Firstly is there *definitely* still sufficient oil in the tank? - if the boiler is in bad shape or badly adjusted you can piss through a tank of oil in no time or maybe the tank / pipe is leaking. If there's enough oil next question is what model number is the burner?


----------



## suimhneach (8 Nov 2006)

there is definately still half a tank of oil ill have to get back to you with the model number, i didnt come prepared today 
would be so delighted if i managed to sort this one out without calling in the heavies


----------



## xt40 (8 Nov 2006)

it may just need resetting or could be airlocked

to reset press the big red button on the burner
there may also be another hidden button on the thermostat beside the dial which trips if the burner overheated for whatever reason bad pump etc.
its got a hard round plastic cap about 1cm wide,high which you easily unscrew to access the reset button.

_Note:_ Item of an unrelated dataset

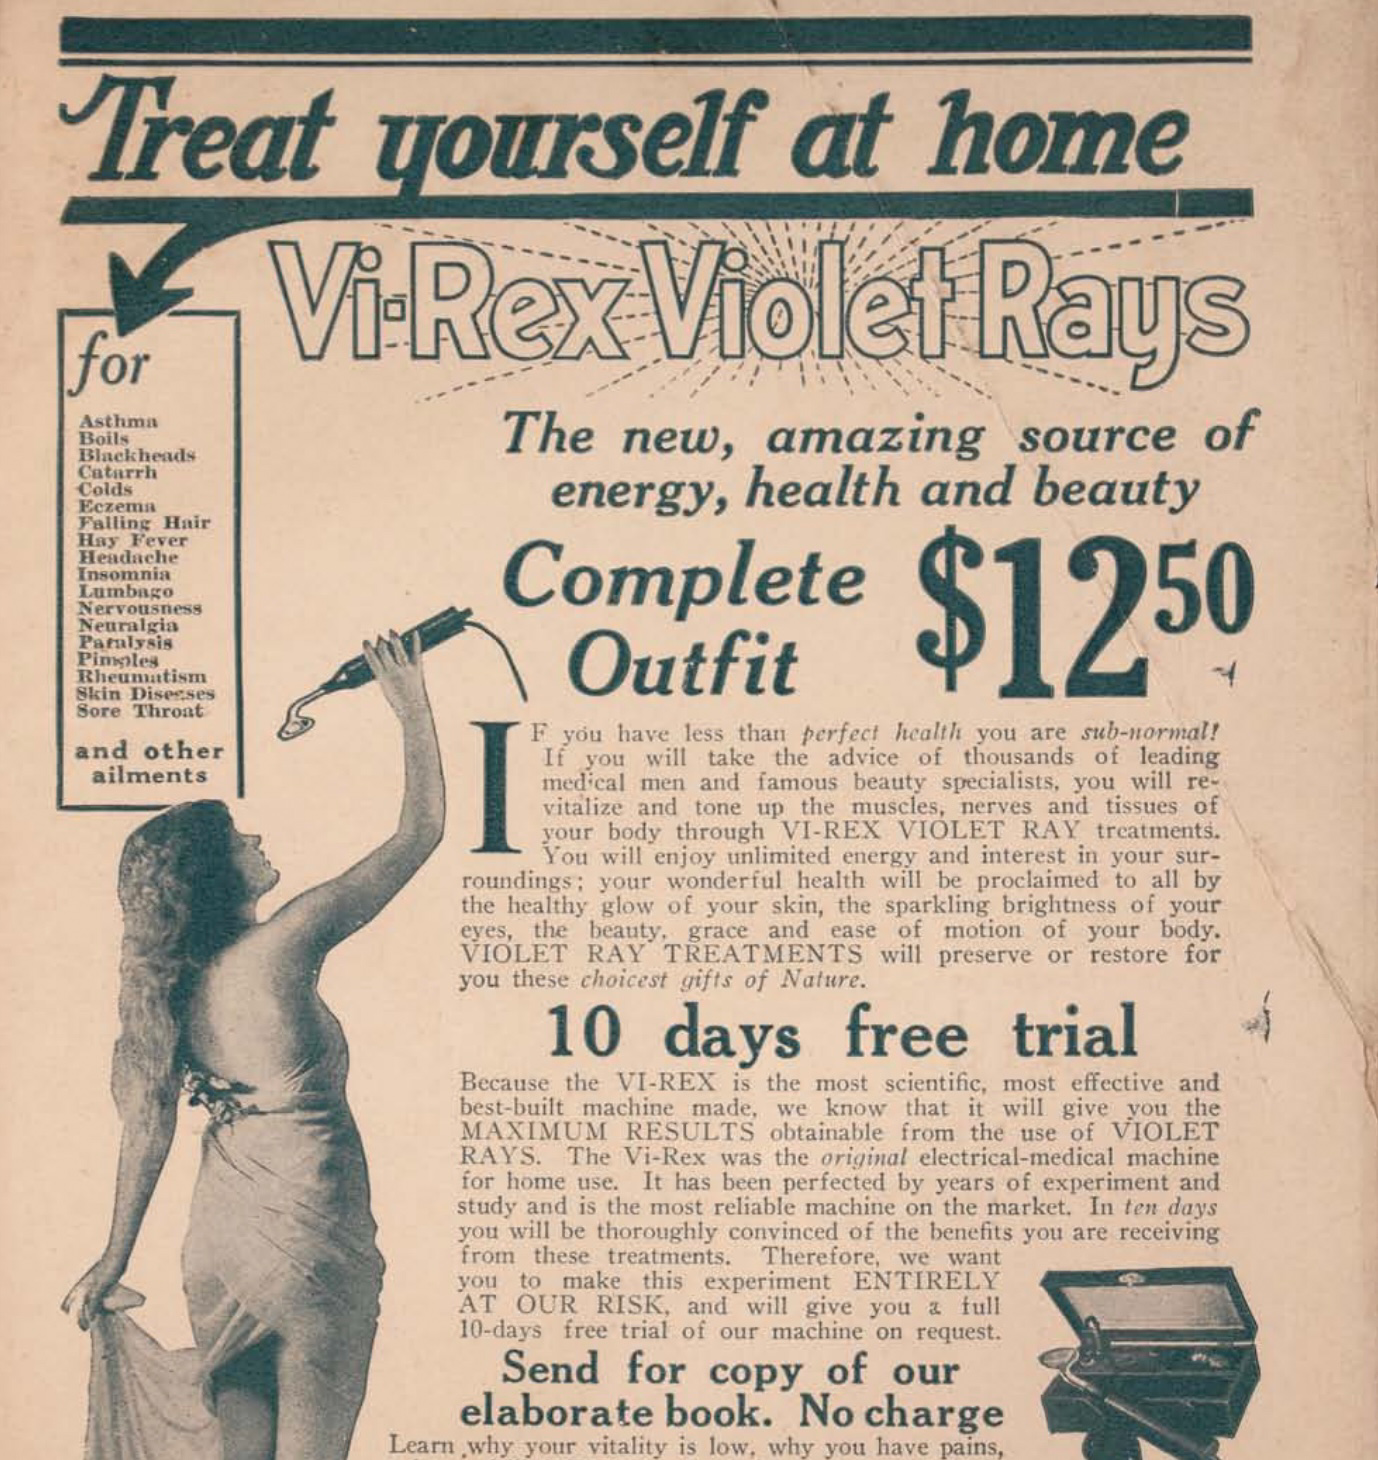 Appliance Wheels Advertisement, December 1977. : r/vintageads

if it tries to fire for a minute or so and then stops, its probably
airlocked either in the feed pipe from the tank or at the burner itself
1 loosen the feed pipe at the burner and make sure some oil drips out

2 if oil is coming out there it may still be locked in the burner itself,
my firebird boiler has a riello burner which has a bleed valve on the side just above where the oil pipe comes in, it takes a small 4-5mm allen key which i leave in it permenently just in case.

if all that doesnt work, its probably a burner fault.


----------



## Meathman99 (8 Nov 2006)

Are you sure the burner takes oil?  It may be diesel


----------



## suimhneach (9 Nov 2006)

hi again, from what i can make out (from the writing on the front of it) its a super Q 50/90boiler if that sheds any light on it. thanks for all the comments ill try them all once i get home tonight and its definately home heating oil i asked the owner when i got home last night in case i was been a total dim wit.  really appreciate all the help cheers


----------



## jambo1979 (9 Nov 2006)

suimhneach,

I have the same Boiler as yourself , and In general the problem is usually an airlock when someone has changed the boiler to heat only the HW system , Im must then bleed the air from a water valve outside the boiler then the burner must be reset .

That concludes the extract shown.